Budget Highlights Only One Project for Six Rivers
A "hospital" for Pugwash is not on the list.
The 2017–2018 budget, tabled today in the Nova Scotia Legislature, is an aggressive and all encompassing document designed to offer something for everybody. The big question is whether it is a real budget, one that will be inspected, parsed, debated, and approved by the House of Assembly.
Many speculate the House will not be given a chance to review it. Instead, they think the Premier will pull the plug and call an election, perhaps this weekend.
While many budget items will affect people across the province, including a tax reduction for about 500 thousand individual tax payers and small businesses, the province went to great effort to itemize localized benefits by region.
A review of the list covering Northern Nova Scotia, an area that covers Cumberland, Colchester Pictou, and Antigonish counties, reveals only one project in the Six Rivers Region, and even that may raise some eyebrows.
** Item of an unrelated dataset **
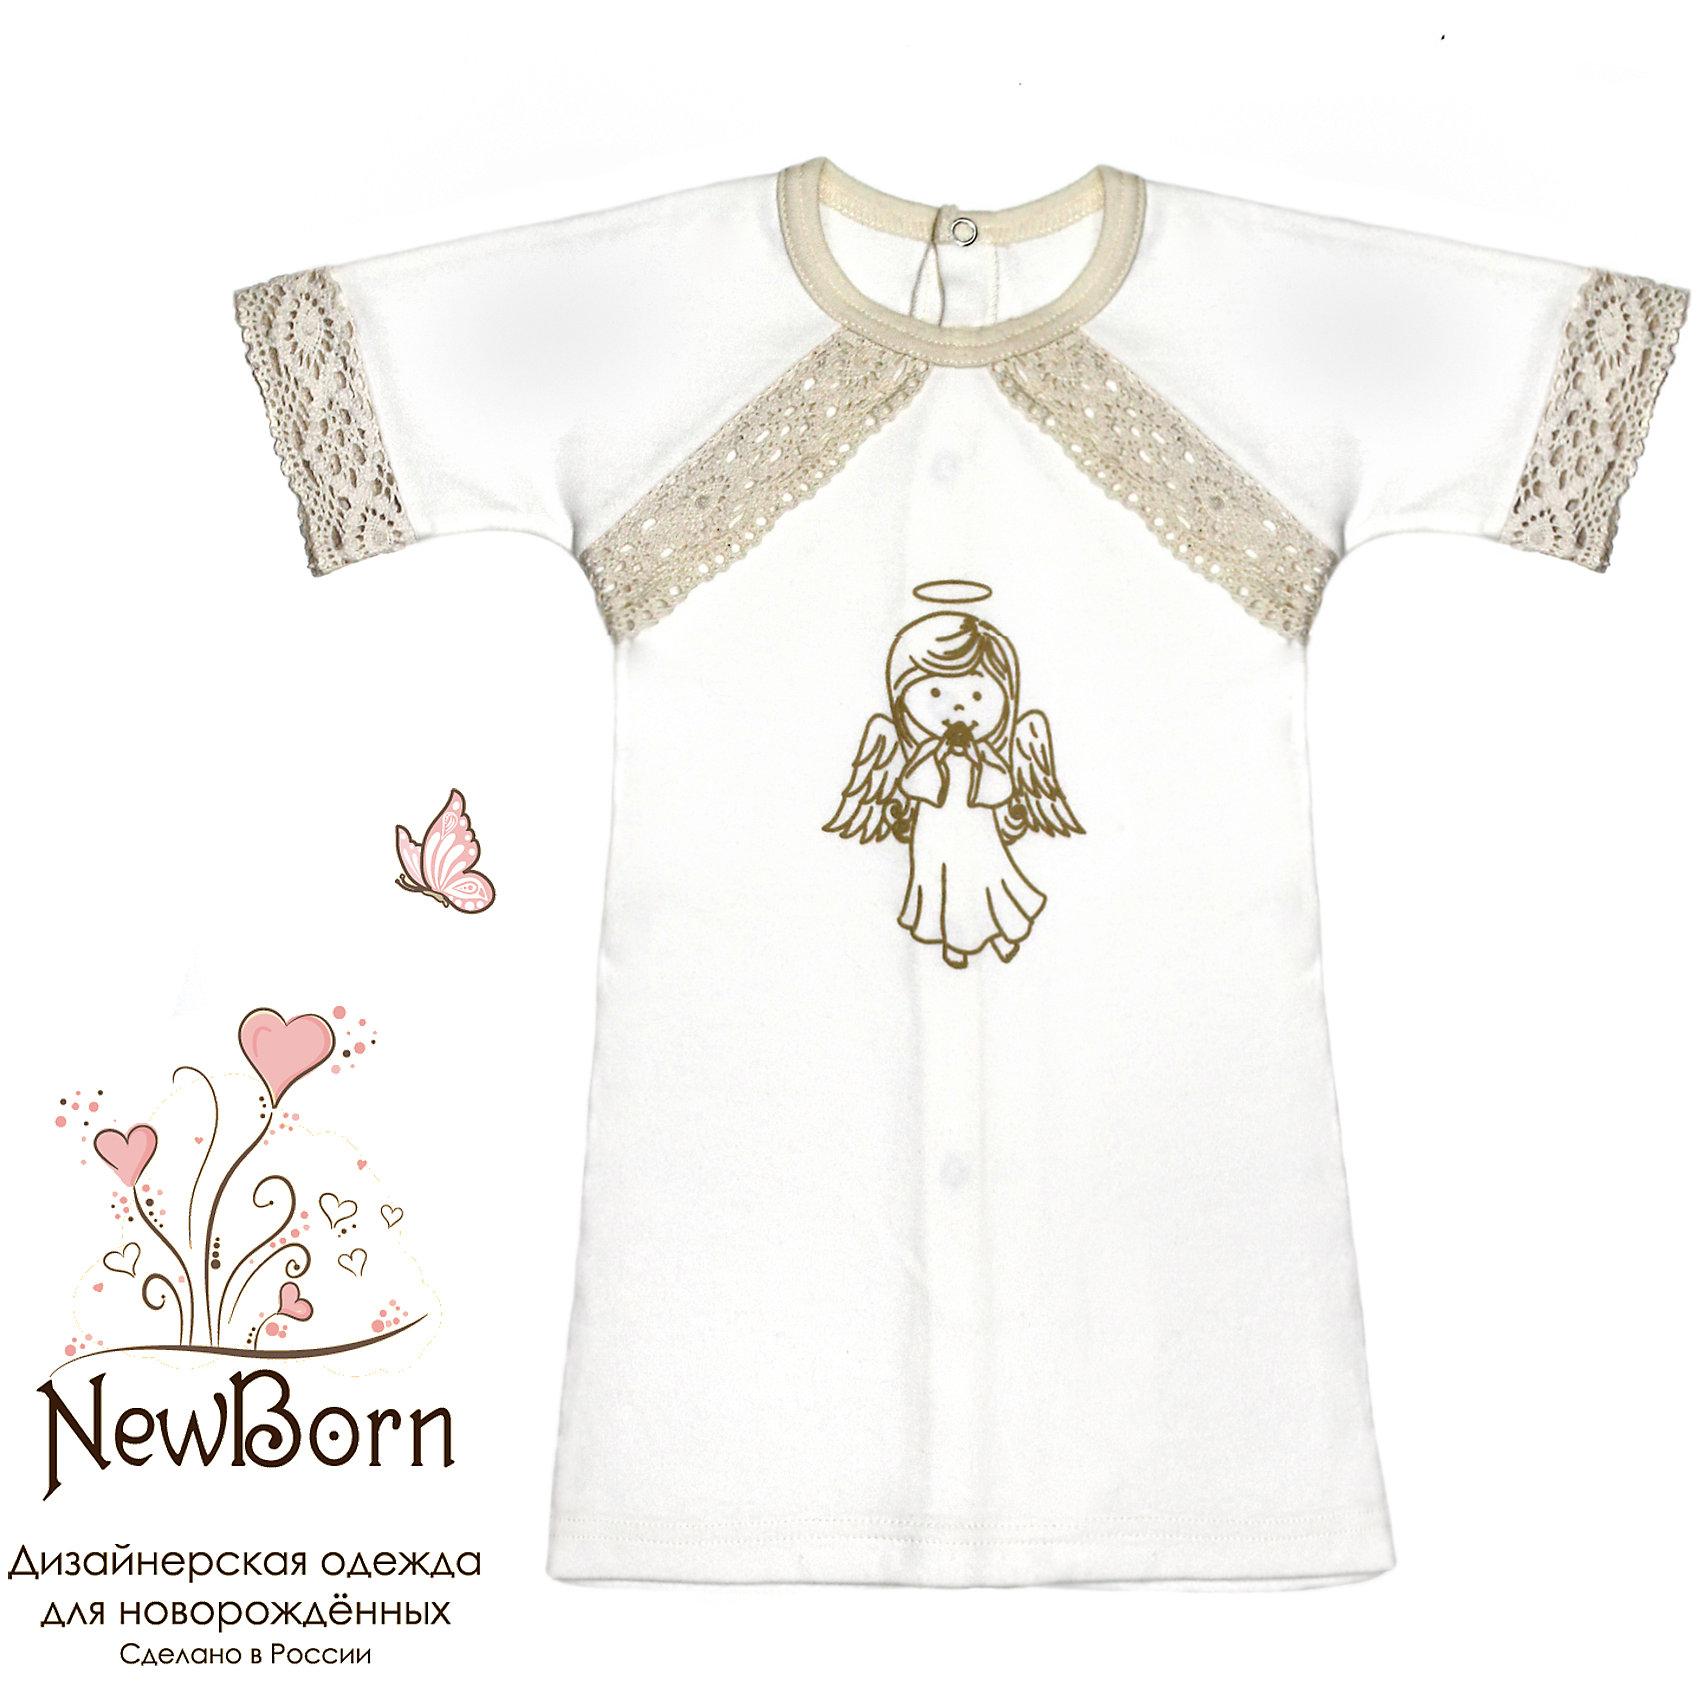 Крестильная рубашка с тесьмой, р-р 74, NewBorn, белыйХарактеристики:<br><br>• Вид детской одежды: рубашка<br>• Предназначение: для крещения<br>• Коллекция: NewBorn<br>• Сезон: круглый год<br>• Пол: для мальчика<br>• Тематика рисунка: ангелы<br>• Размер: 74<br>• Цвет: белый, золотистый<br>• Материал: трикотаж, хлопок<br>• Длина рукава: короткие<br>• Застежка: сзади на кнопке<br>• Декорирована широкой тесьмой золотистого цвета<br>• Передняя полочка украшена термонаклейкой в виде ангела и тесьмой<br>• Особенности ухода: допускается деликатная стирка без использования красящих и отбеливающих средств<br><br>Крестильная рубашка с тесьмой, р-р 74, NewBorn, белый из коллекции NewBorn от отечественного швейного производства ТексПром предназначено для создания праздничного образа мальчика во время торжественного обряда крещения. Рубашка представлена в коллекции NewBorn, которая сочетает в себе классические и современные тенденции в мире моды для новорожденных, при этом при технологии изготовления детской одежды сохраняются самые лучшие традиции: свободный крой, внешние швы и натуральные ткани. Рубашка с короткими рукавами и круглой горловиной, обработанной бейкой из трикотажа золотистого цвета. Застежка на кнопках предусмотрена на спинке, что обеспечивает ее легкое одевание. Праздничный образ создается за счет отделки рукавов, и передней полочки широким кружевом золотистого цвета и термонаклейки в виде ангела. <br><br>Крестильную рубашку с тесьмой, р-р 74, NewBorn, белый можно купить в нашем интернет-магазине.<br><br>Ширина мм: 220<br>Глубина мм: 5<br>Высота мм: 400<br>Вес г: 200<br>Возраст от месяцев: 6<br>Возраст до месяцев: 9<br>Пол: Унисекс<br>Возраст: Детский<br>SKU: 4912512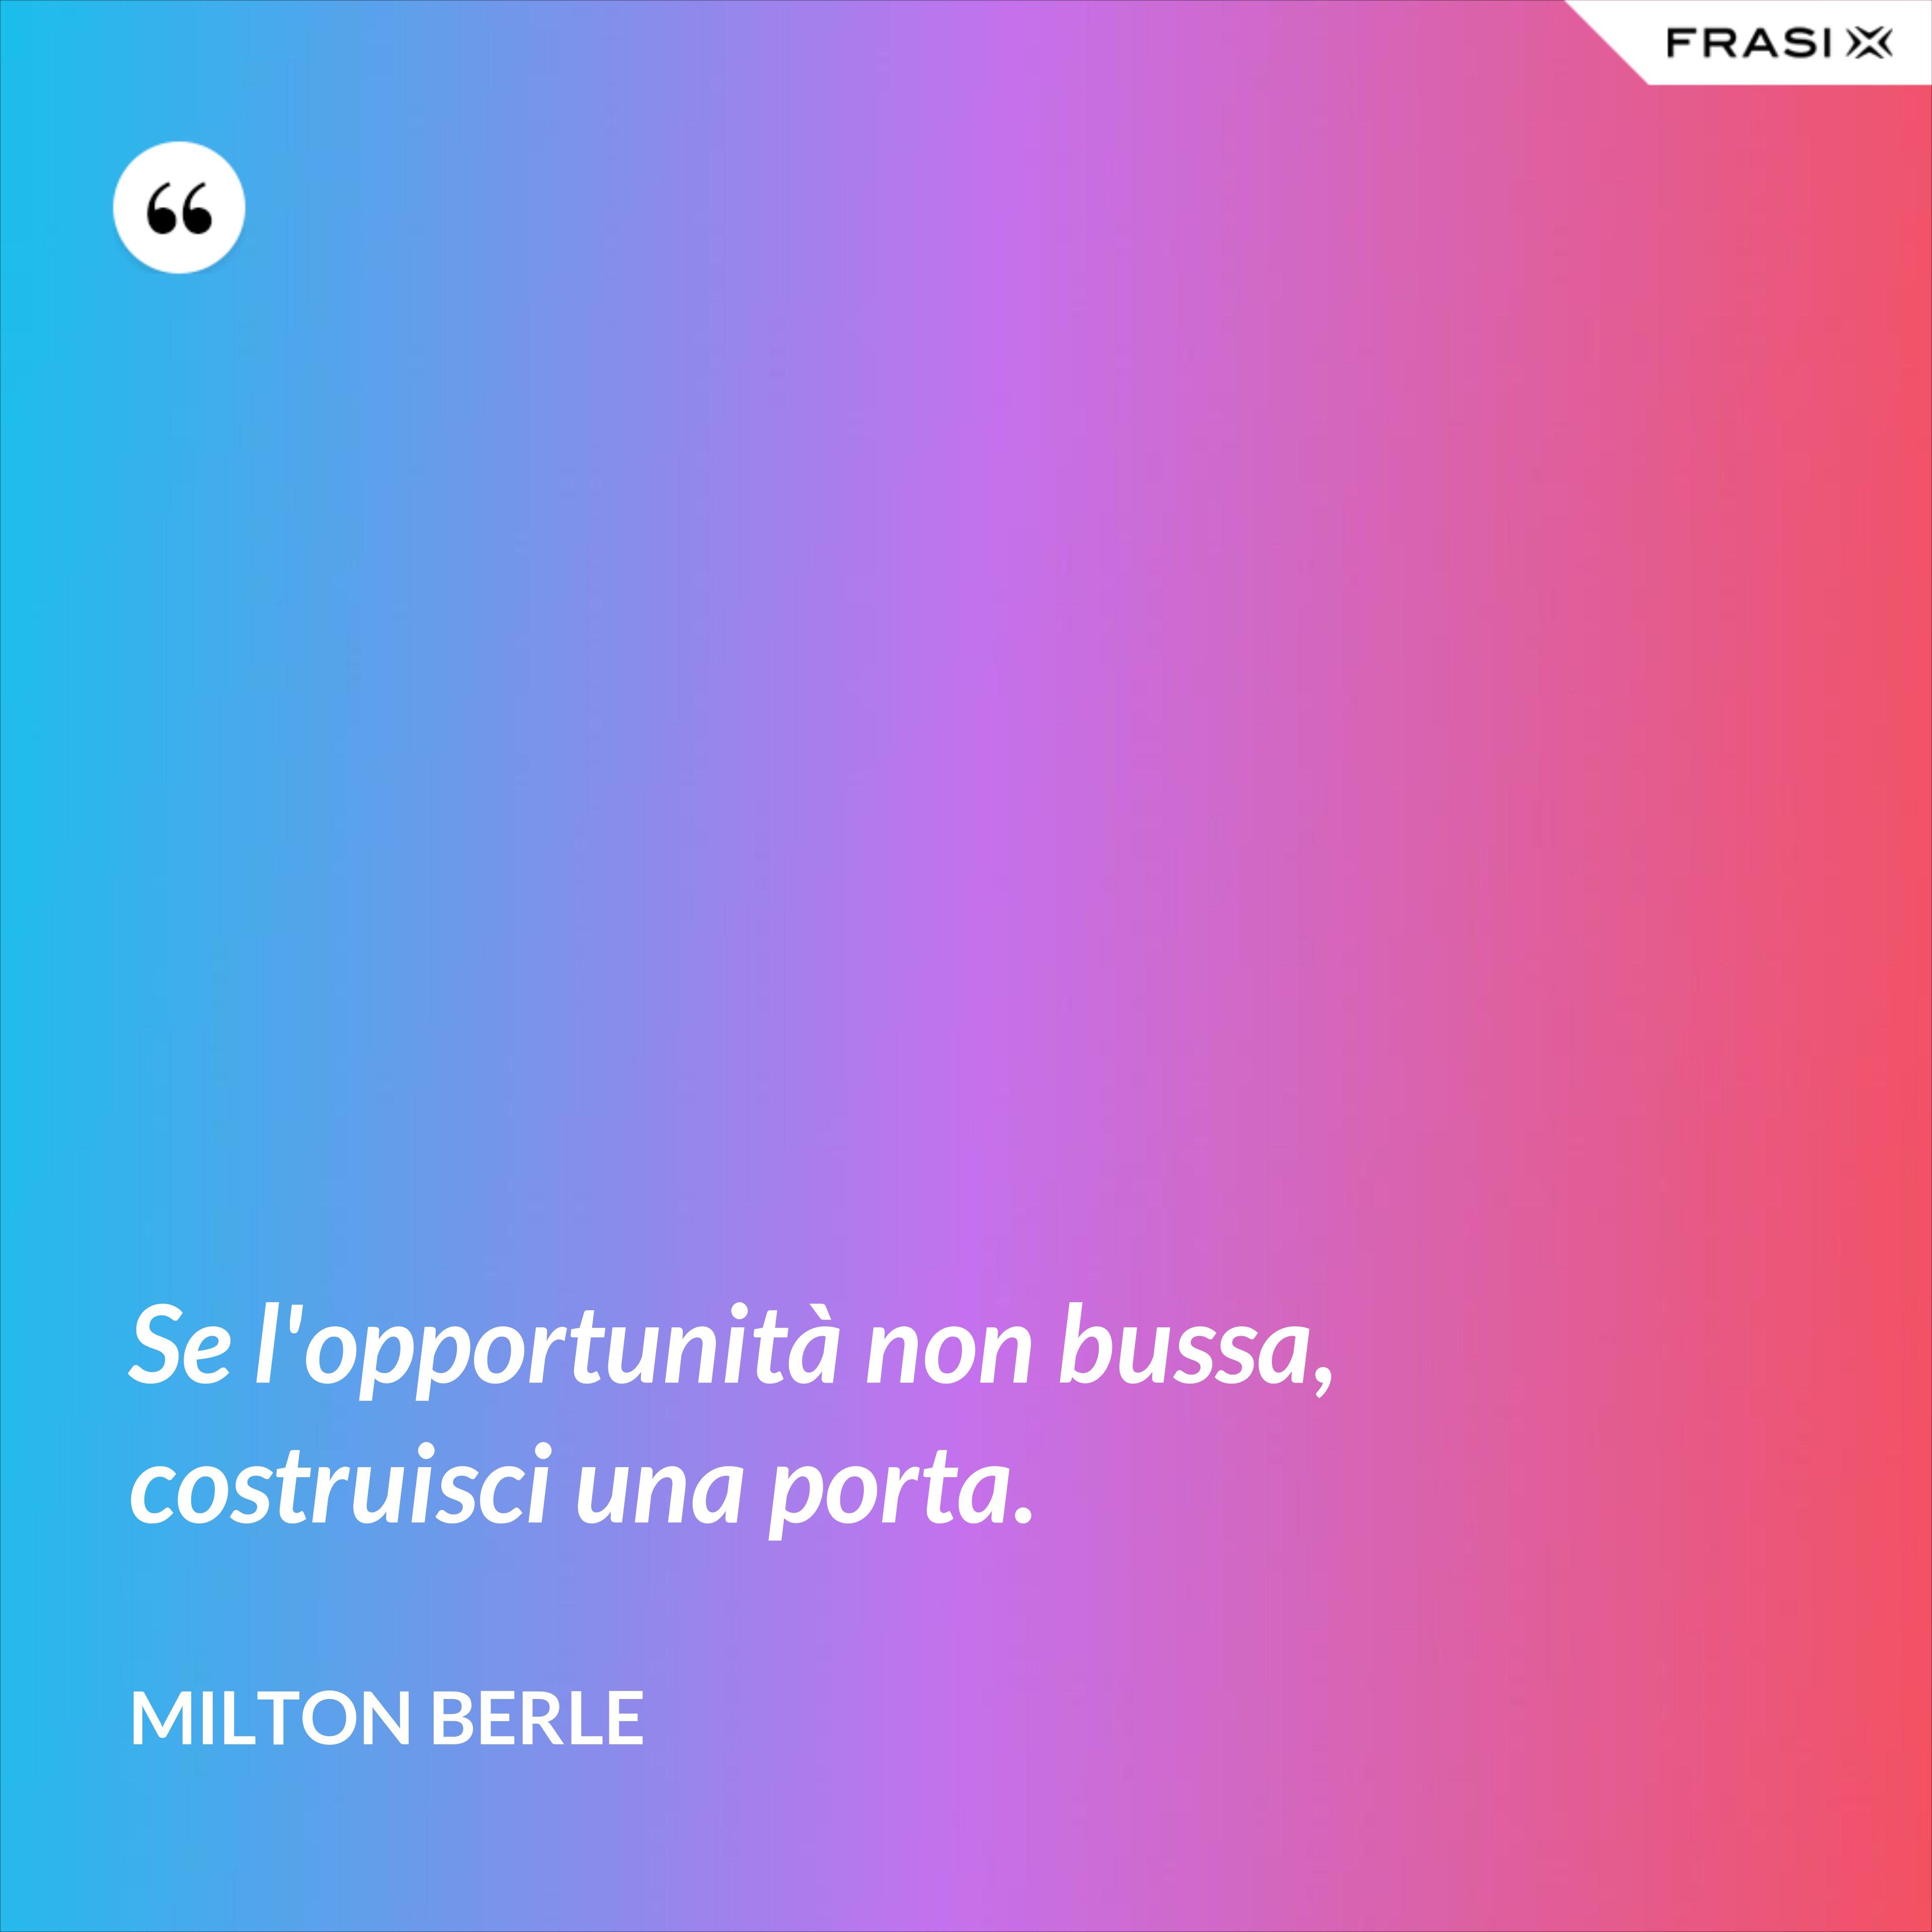 Se l'opportunità non bussa, costruisci una porta. - Milton Berle

While the government was quick to list hospital projects elsewhere, the long awaited new hospital for Pugwash did not make the list. Instead, the government announcement referred to "funding for the North Cumberland Health Centre project."
Premier Stephen McNeil was in Pugwash a few weeks ago to announce funding for the final study and design phase for a new hospital. With carefully chosen words, he left the impression the community would have a "new hospital." Some, at that time, realized his announcement was for a study, but everyone hoped it would lead to construction of a new hospital. Today's announcement calls it a "health centre project" which leaves some scratching their heads.
The provincial opposition leaders will keep tabs on the Premier over the weekend, as they think the budget will die a quick death on the order paper in favour of an election campaign.
If they are correct, the announcements and planned expenditures go up in smoke, though they will make a great set of election promises.